Thursday, November 11, 2010

the book never written

My first foray into the works of Chris Hedges came a bit of time ago, when I found his book Losing Moses on the Freeway at a nearby library. I was especially interested when one part of the book dealt with chess and some chess players. It was in reading this part, though, that I came on a rather interesting passage, this one here

The chess craze, ushered in by Bobby Fischer in the 1970s, hit the United States. Rossolimo, who made it into Fischer's book on the 100 greatest games he ever played, never capitalized on it, but Frohlinde did. He made money, big money, selling chess sets of of his shop.
Chris Hedges, Losing Moses on the Freeway, p 149

What gave me pause was his mention of a book by Fischer "on the 100 greatest games he ever played".

When I was pretty intensely into local tournament chess, I became rather familiar with the literature of the game. It was, of course, an ever expanding body of literature, and I haven't kept up with the latest things, but as I was playing in tournaments in the 1990's, it would have been well past the time when Fischer would have written anything, at least up until his return.

Fischer himself did not have a great deal of that literature to his name--much has been written about him and his games by other people, but I've found only three books that Fischer himself as the author.

One is rather poorly-made instructional book called Bobby Fischer Teaches Chess. I had a copy of it at one time, and it was a bit disappointing.

Fischer's most famous work, and one rightly considered a classic, is My 60 Memorable Games, published in 1969. In the preface to this book, Fischer himself makes mention of an earlier book, Bobby Fischer's Games of Chess, published in 1959. This book, Fischer says, has 34 of his games in it.

Now, My 60 Memorable Games does have a game that Fischer played against Rossolimo. It is game #52 in that book, and the game was played in the 1965-66 US Championship, well after Fischer's first book was published.

All of this rambling to say that, I have no knowledge of Fischer publishing a collection of his 100 greatest games, like Hedges says. The closest I can find to such a thing is Fischer's My 60 Memorable Games, which has 60 games in it instead of 100, and even the use of 'memorable' instead of greatest is telling. In Fischer's own words from the preface, "All of the 60 here offered contain, for me, something memorable and exciting--even the 3 losses". It would be doubtful that Fischer would put losses into a collection of his greatest games--at the least ,it would be an unusual practice.

In other words, although Hedges seems to be trying to reference a real work of chess literature, the information he gives about it is wrong, both in a concrete sense (60 games instead of 100) and a more abstract sense (memorable games instead of greatest).

It would be too easy to make too much hay over this error. It may have been a simple error, a bit of carelessness maybe. But the fact is, the error was made, and it was one that could easily have been avoided.

For one thing, the mention of the book is made in what is essentially a throw-away comment. It adds a bit of information, but nothing crucial to the point.
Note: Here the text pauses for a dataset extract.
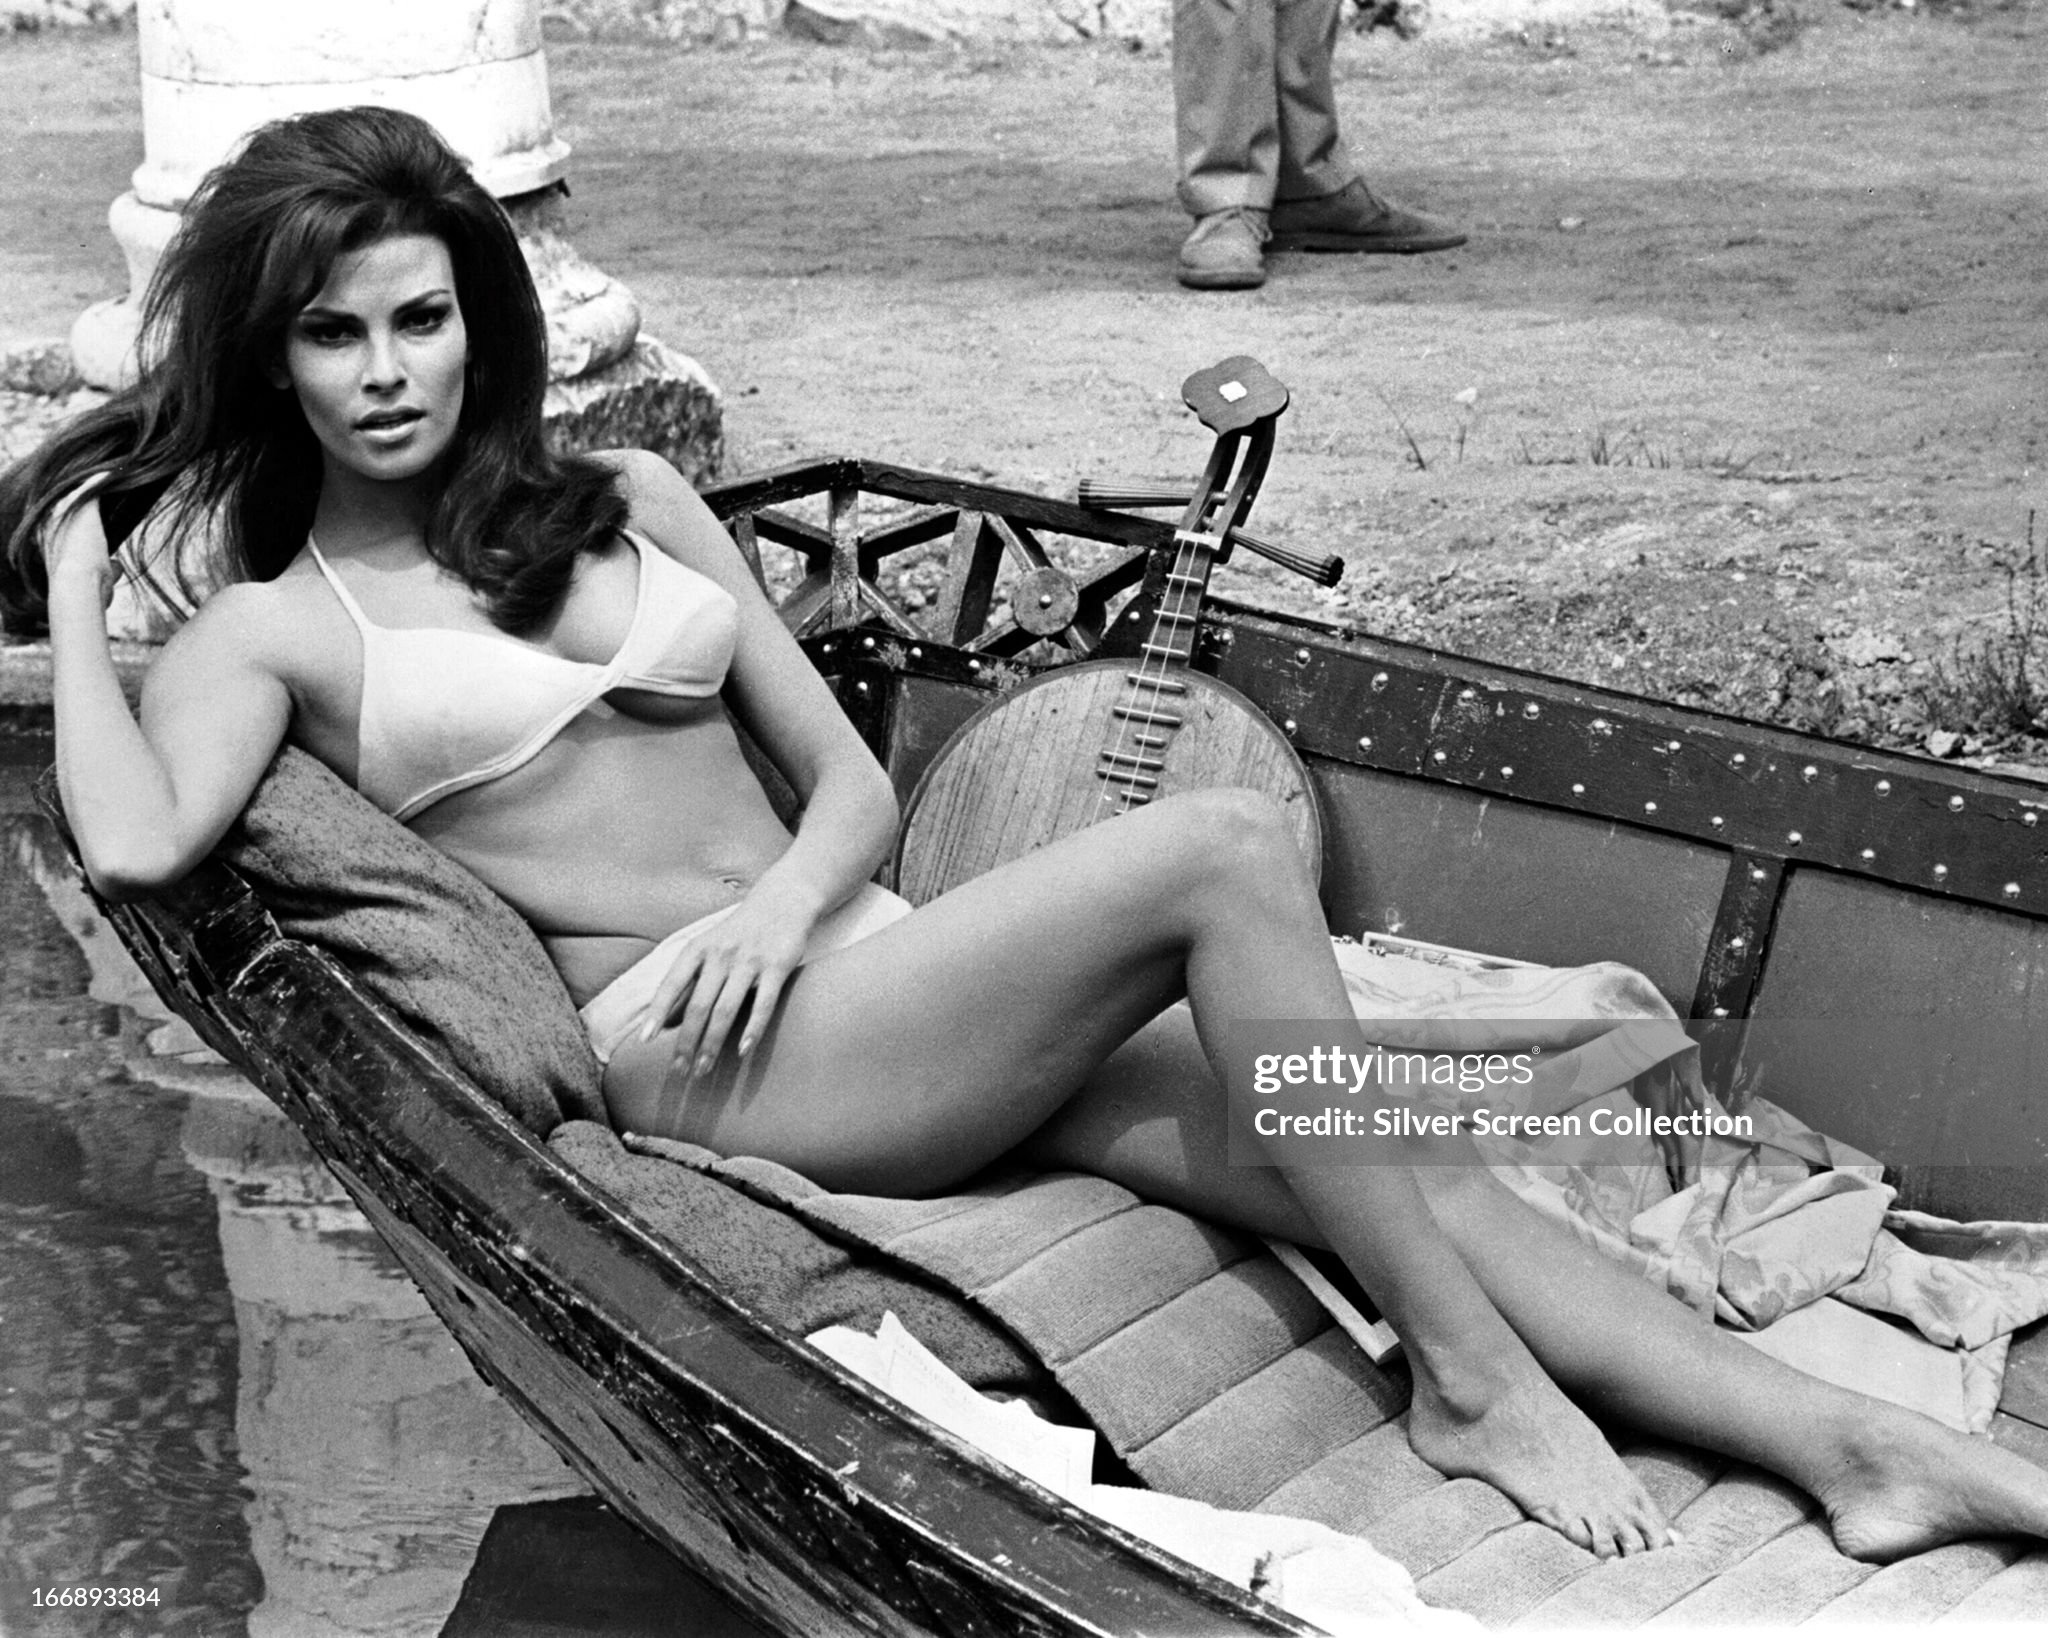 American actress Raquel Welch wearing a bikini in 1968 on the set of 'The biggest bundle of them all', directed by Ken Annakin.

One could understand that Rossolimo "did not capitalize one...(t)he chess craze" without having to know that Fischer included a game against Rossolimo in his book.

For another, it would have been easy to have verified the name and nature of the book. Hedges wrote this book fairly recently, it was published in 2006, and sites like Amazon were around. A quick search of some kind would have easily sufficed for him to get the correct information about the book.

But he doesn't seem to have done enough to verify, and so he wrote about a book with 100 games in it that doesn't exist.

And being wrong about a simple, easily verifiable thing like that, leads one to think, what else is he writing that may be wrong? Maybe nothing else, maybe all else he writes is correct, and this was just a singular slip. But it does cause the eyebrows to go up.